* [Problem requirements]
Write out again the lines from the line with "waterfall, Flowers, Rhododendrons" up to and including the line with "google-analytics-4-code-global-site-tag-snippet", exactly as they stand below, and skip any picture.

* [Recorded data]
§ §
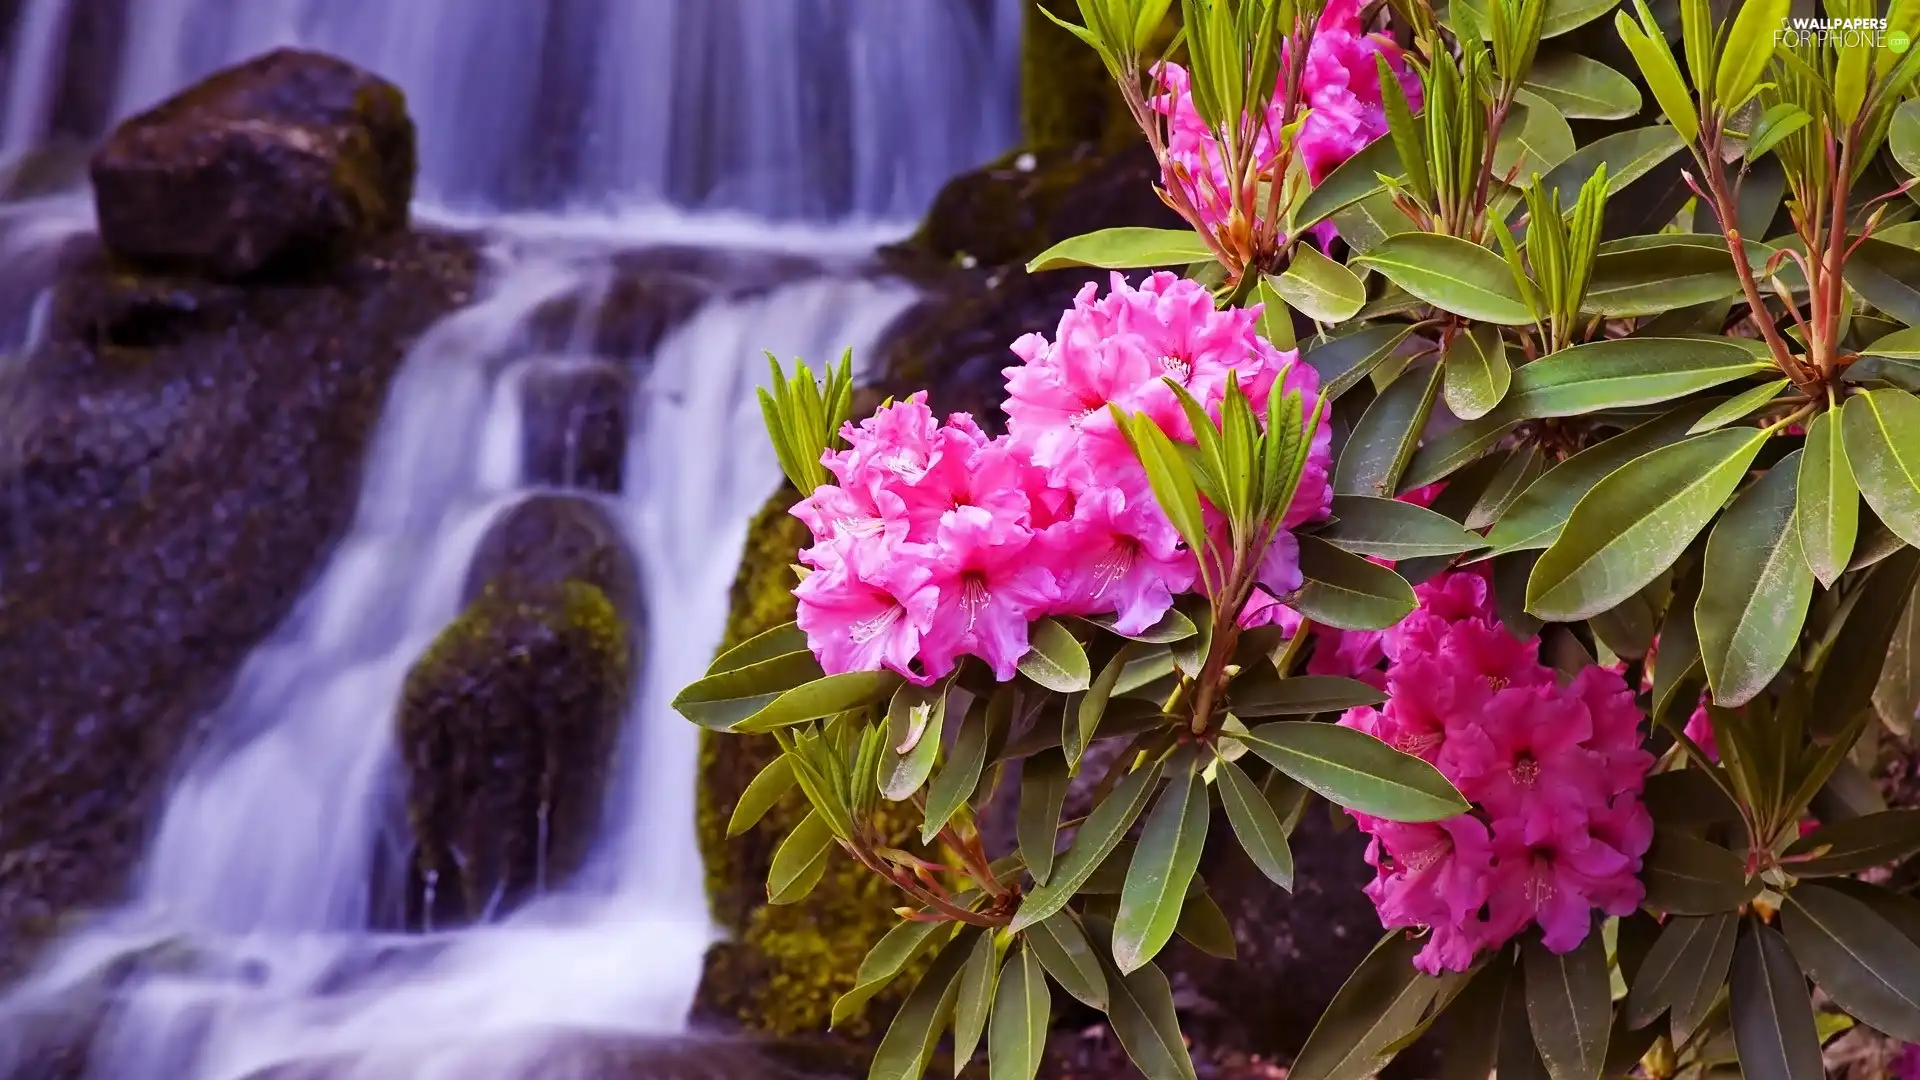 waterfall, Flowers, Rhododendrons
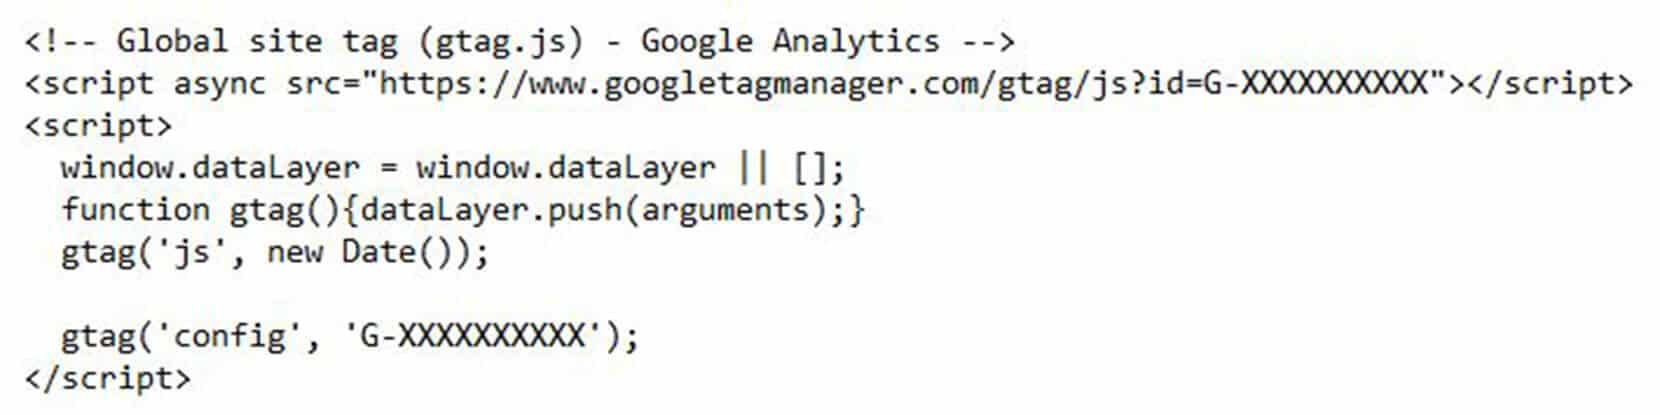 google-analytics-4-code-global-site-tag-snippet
§ §
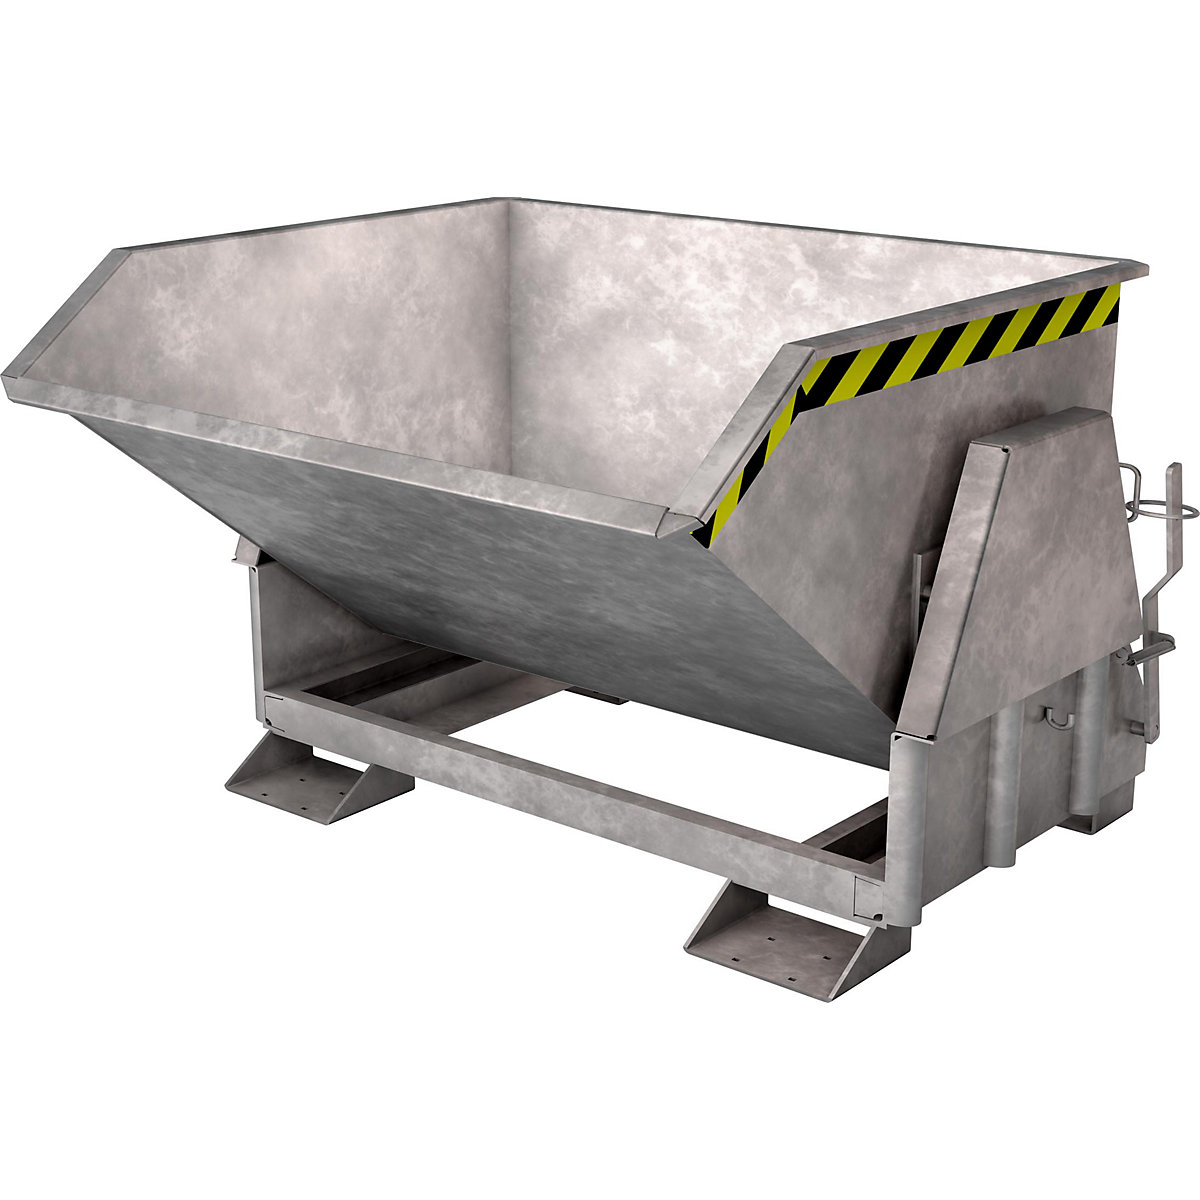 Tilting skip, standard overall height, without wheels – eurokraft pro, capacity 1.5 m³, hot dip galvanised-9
§ §
* [Exercise response]
 waterfall, Flowers, Rhododendrons
 google-analytics-4-code-global-site-tag-snippet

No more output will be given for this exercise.